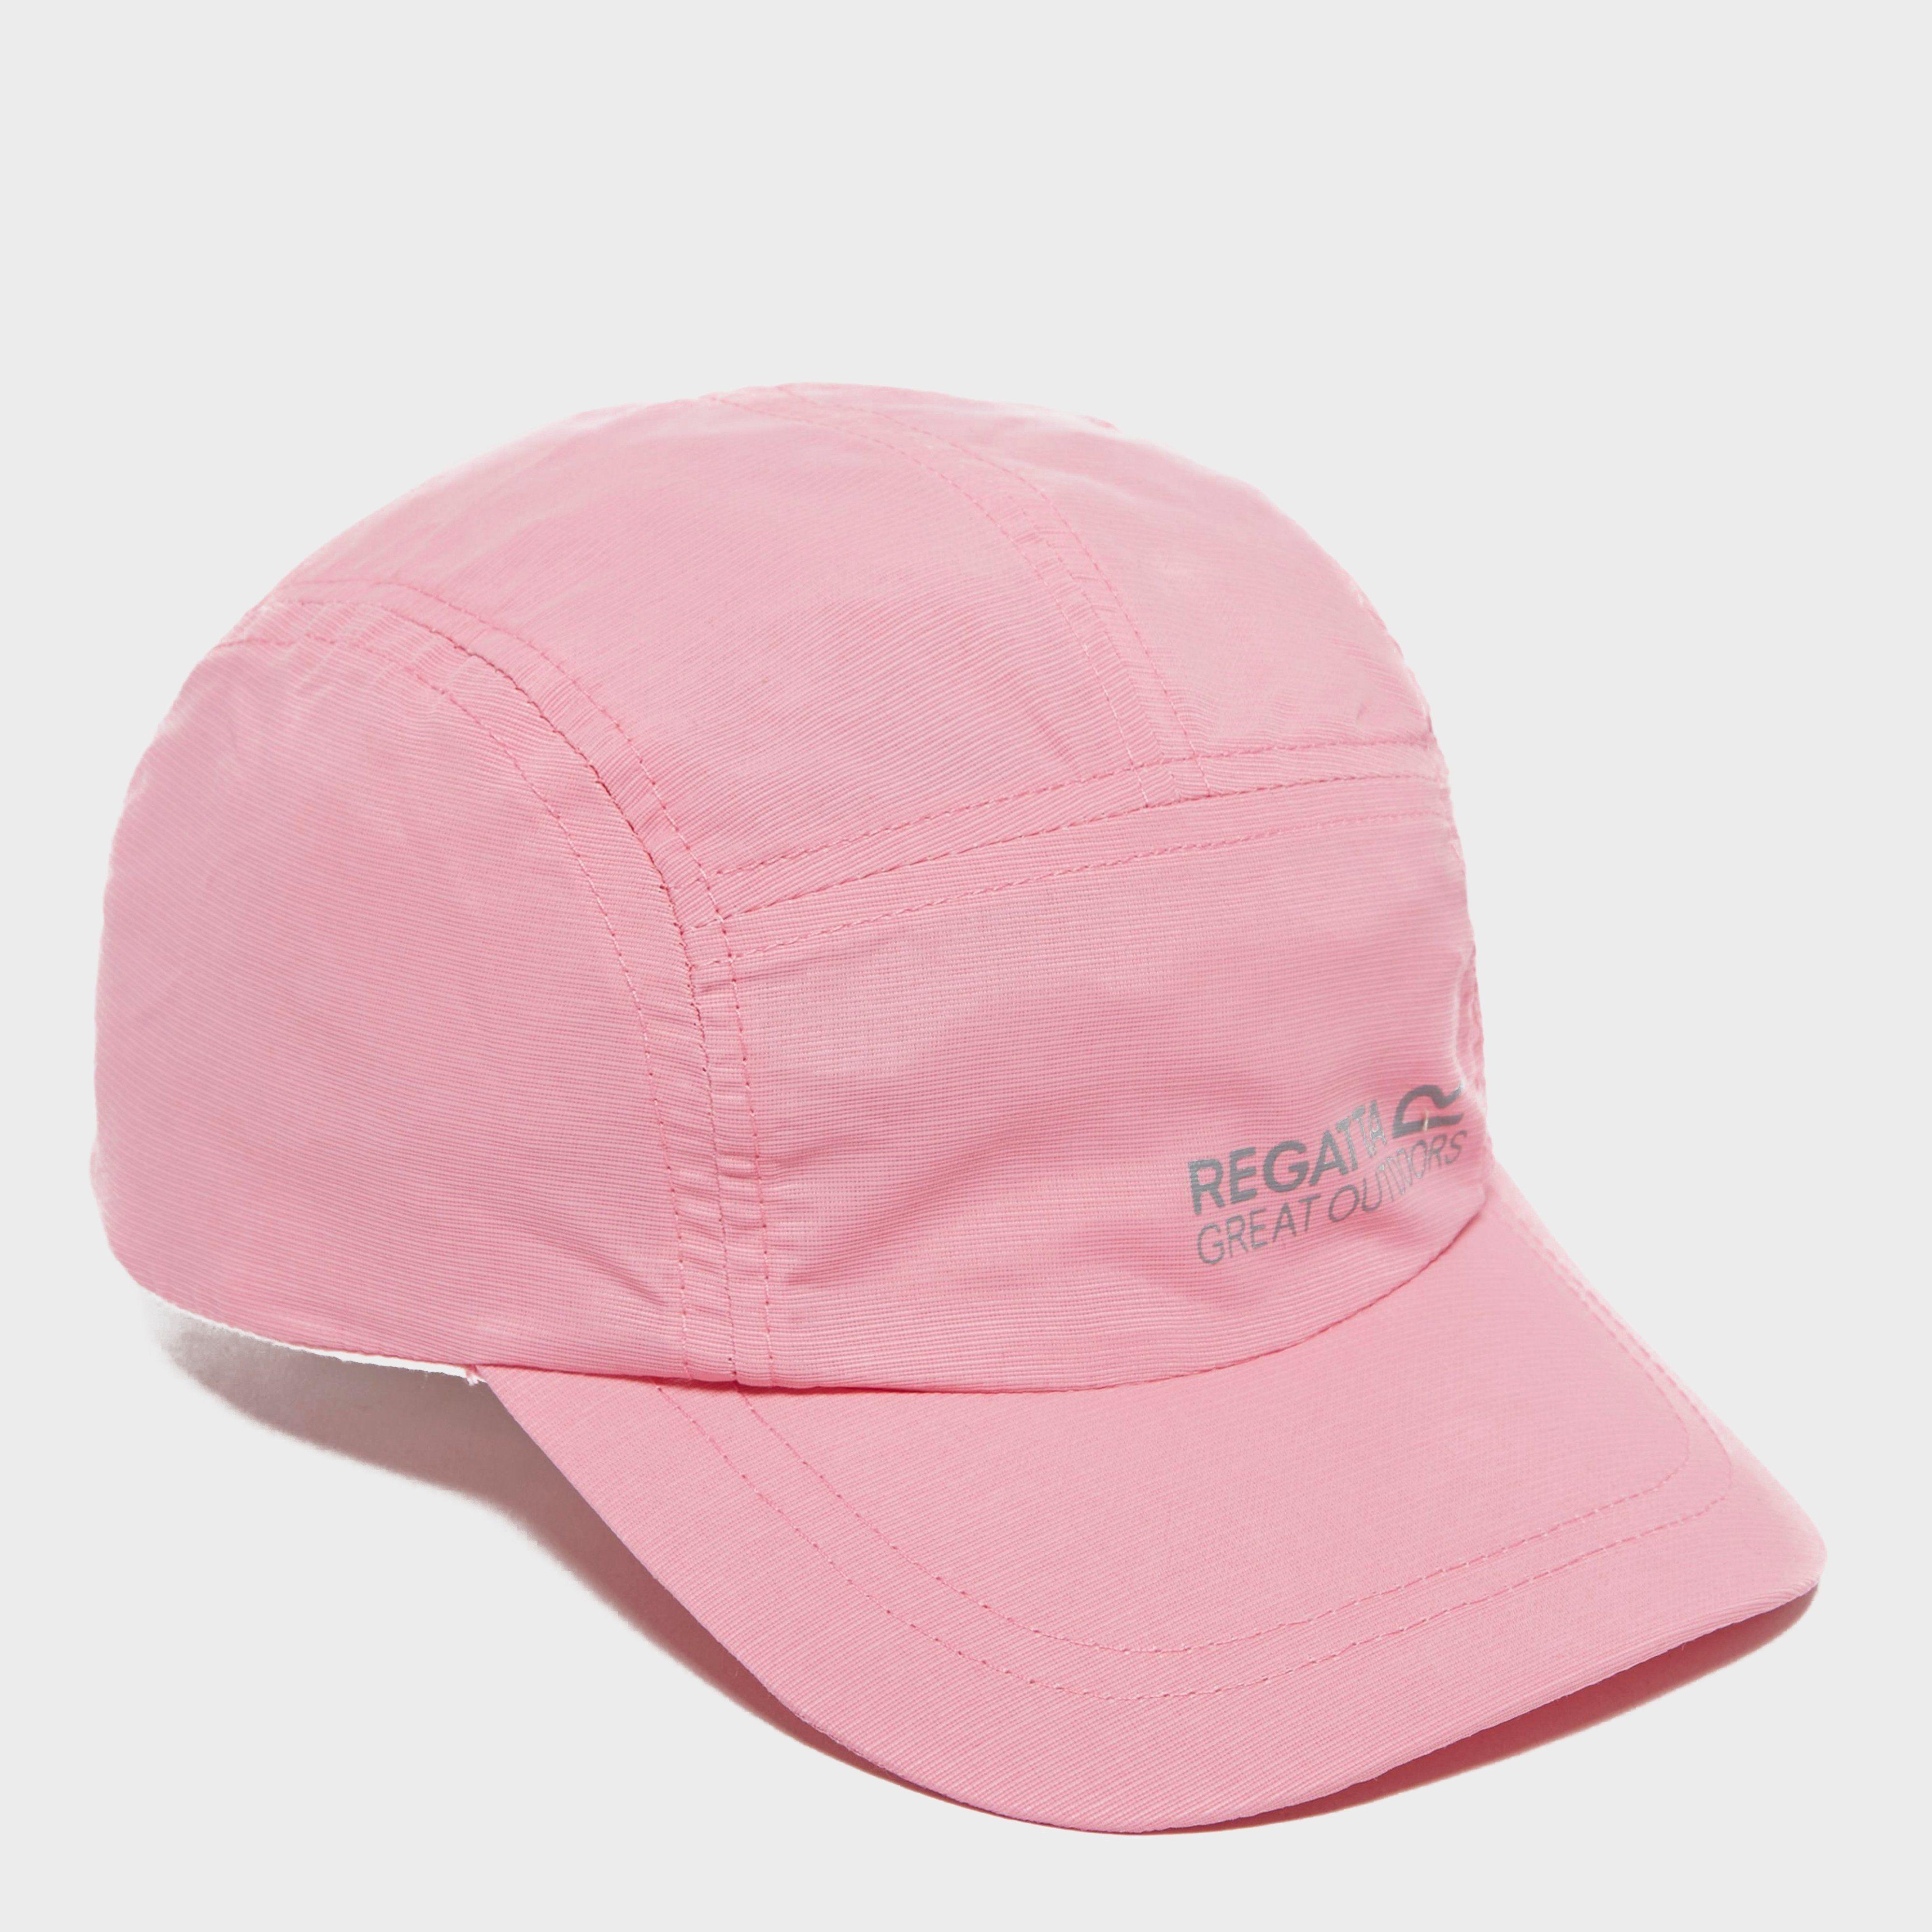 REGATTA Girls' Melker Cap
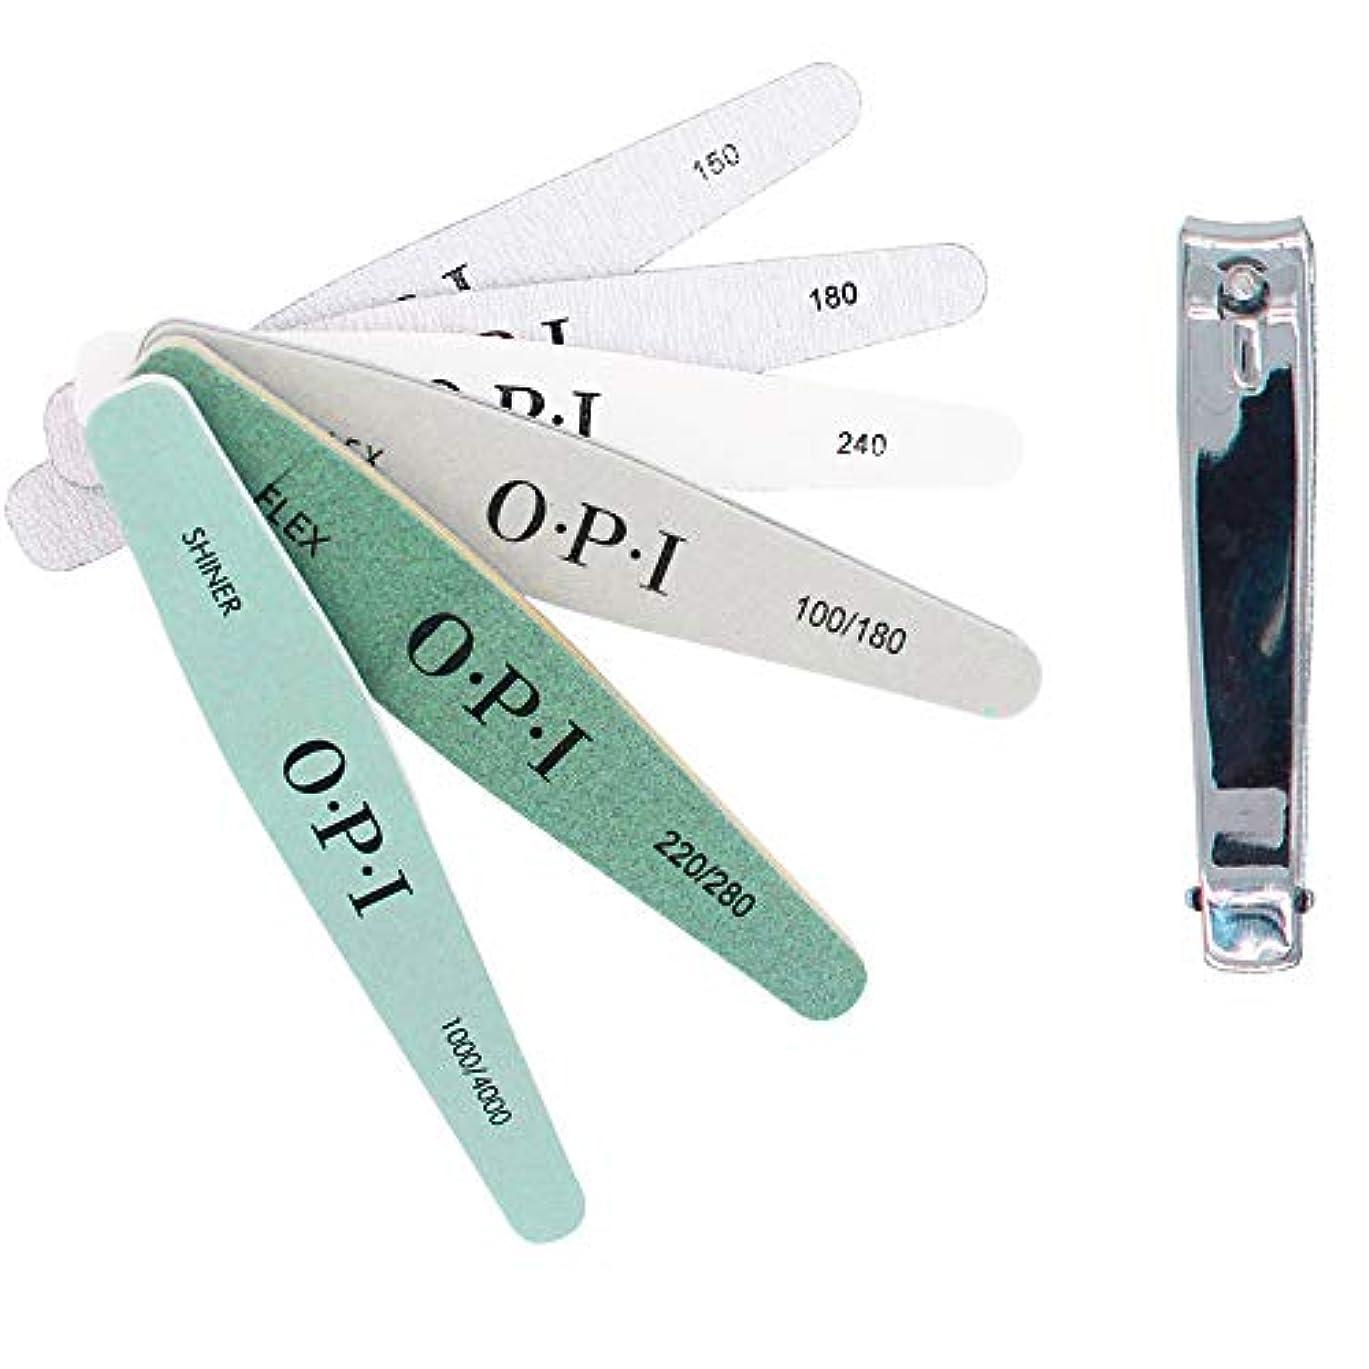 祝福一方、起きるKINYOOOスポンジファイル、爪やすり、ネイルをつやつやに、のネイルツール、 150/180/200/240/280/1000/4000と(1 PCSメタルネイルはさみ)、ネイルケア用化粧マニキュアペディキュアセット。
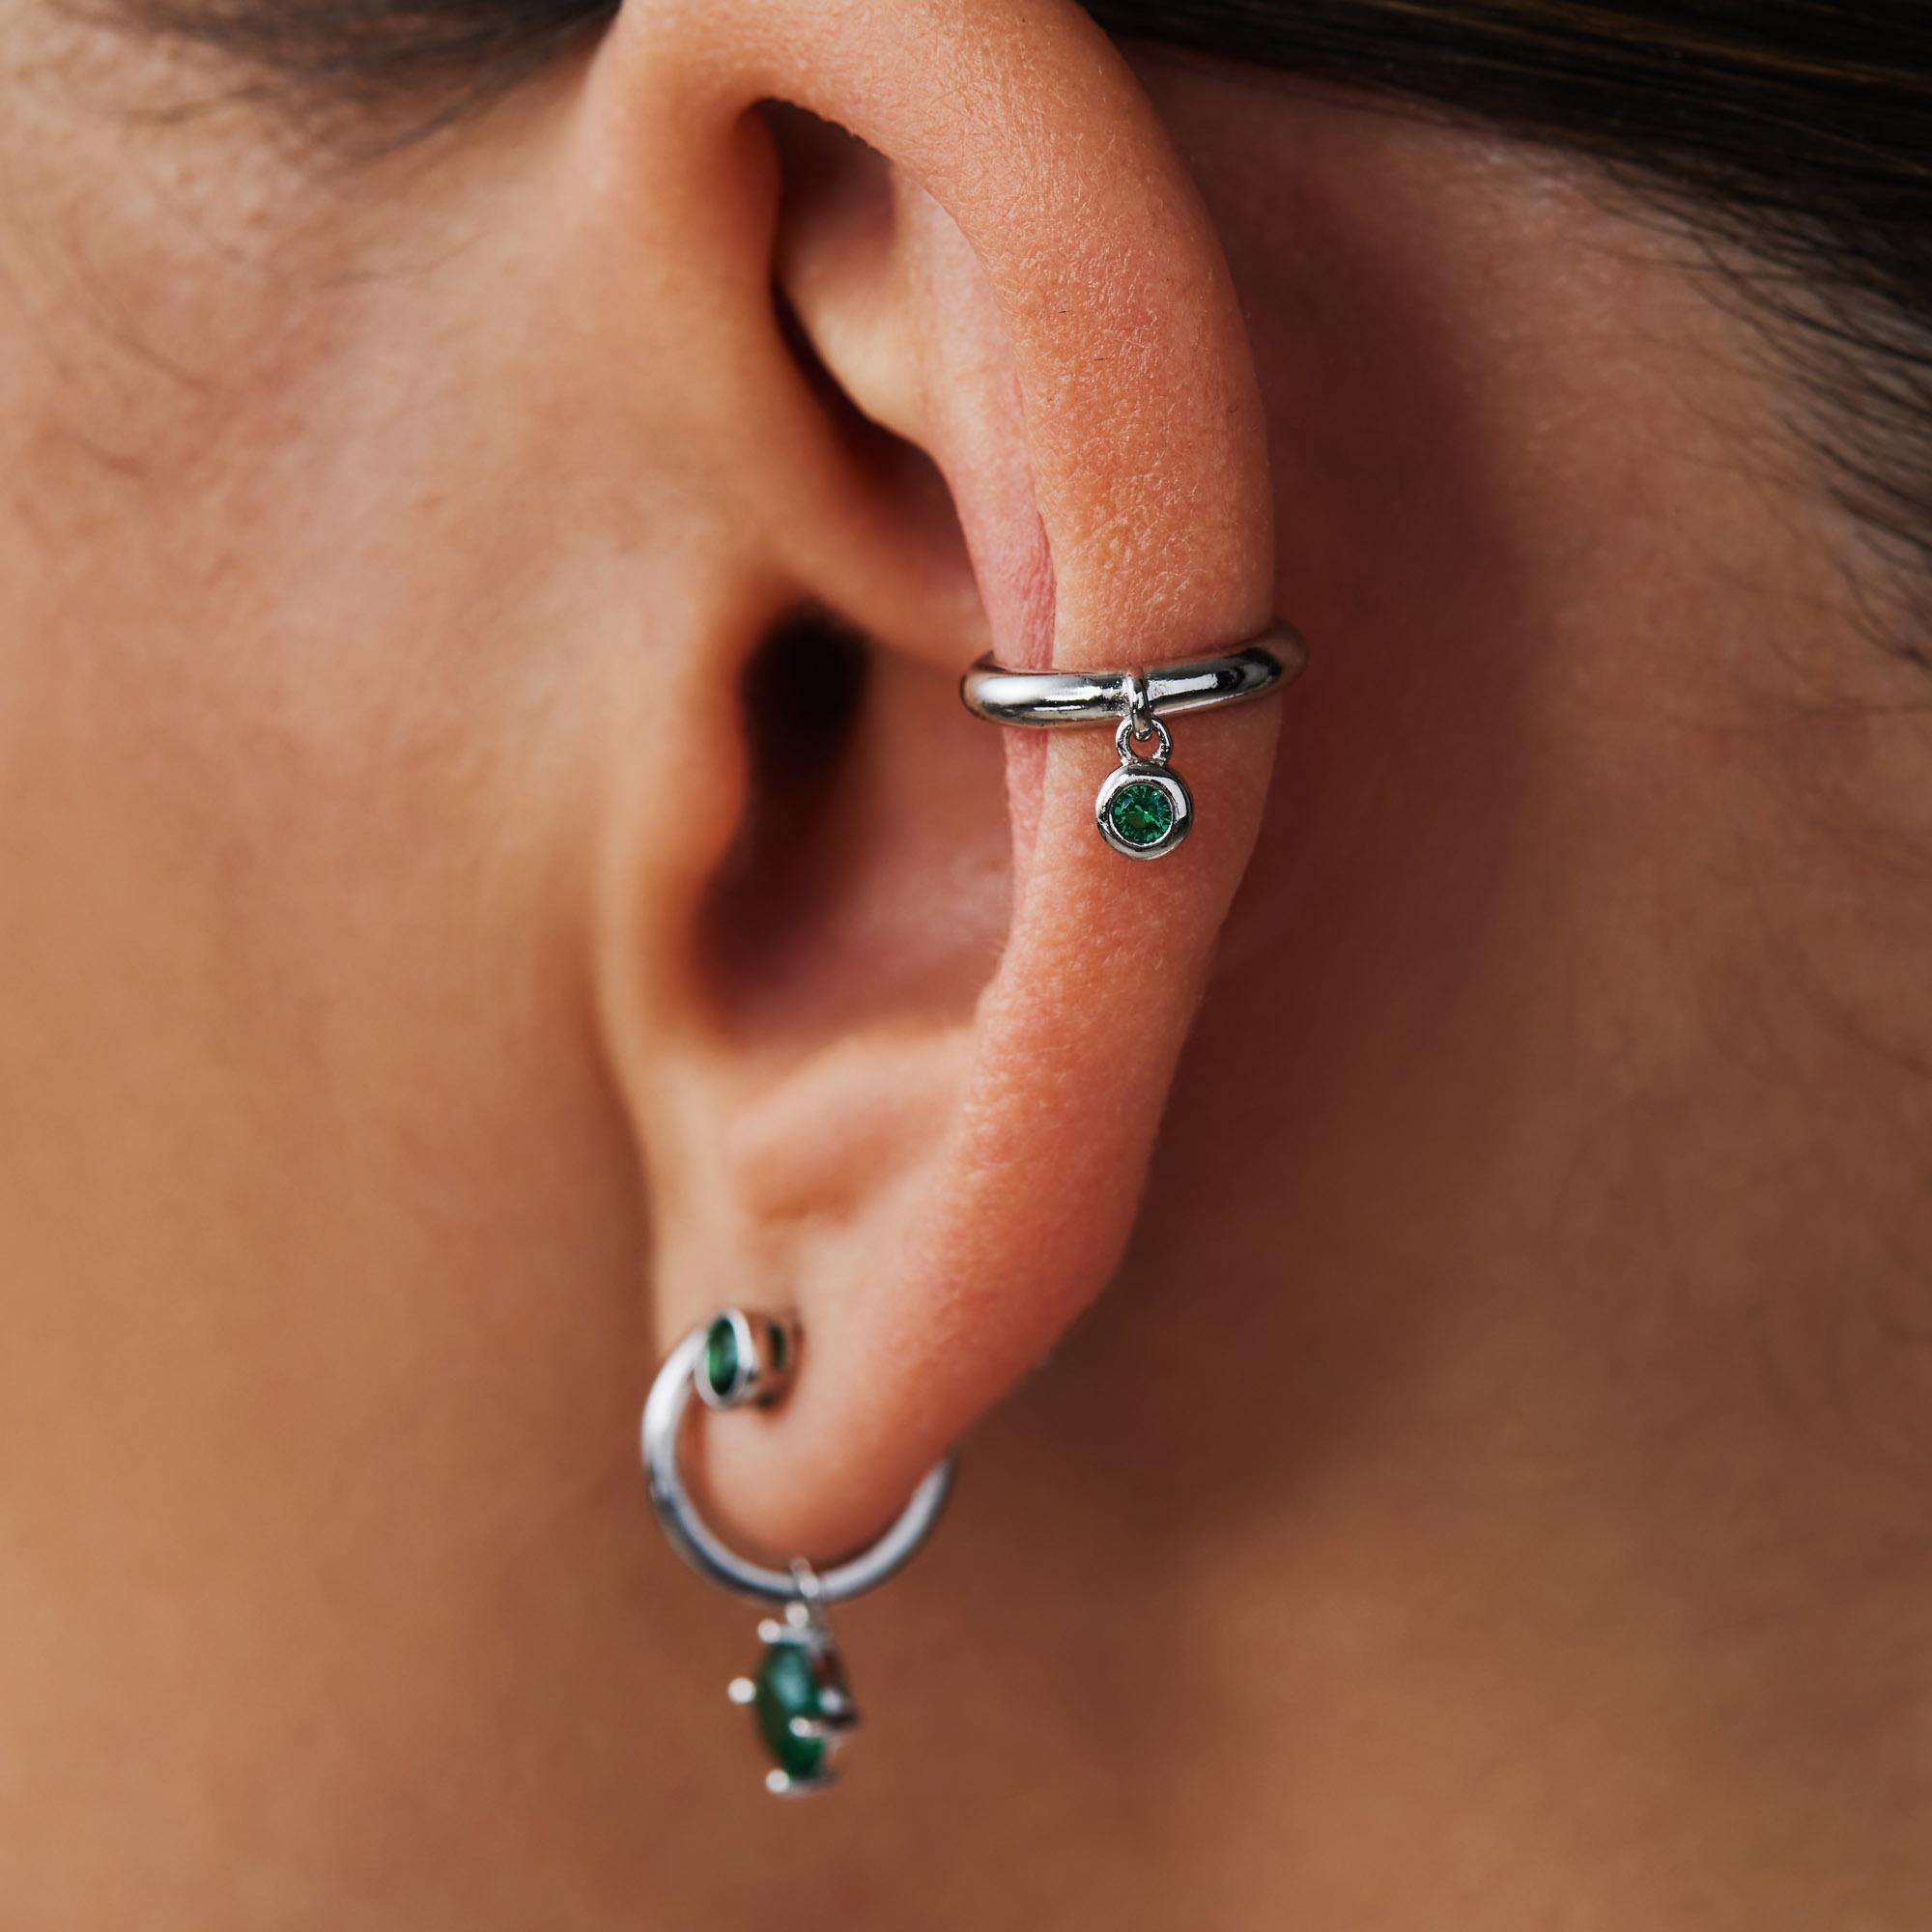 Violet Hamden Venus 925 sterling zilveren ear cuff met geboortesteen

TASK PROMPT
Transcribe all of the data above verbatim but omit every picture.

SOLUTION
 REGATTA Girls' Melker Cap
 祝福一方、起きるKINYOOOスポンジファイル、爪やすり、ネイルをつやつやに、のネイルツール、 150/180/200/240/280/1000/4000と(1 PCSメタルネイルはさみ)、ネイルケア用化粧マニキュアペディキュアセット。
 Violet Hamden Venus 925 sterling zilveren ear cuff met geboortesteen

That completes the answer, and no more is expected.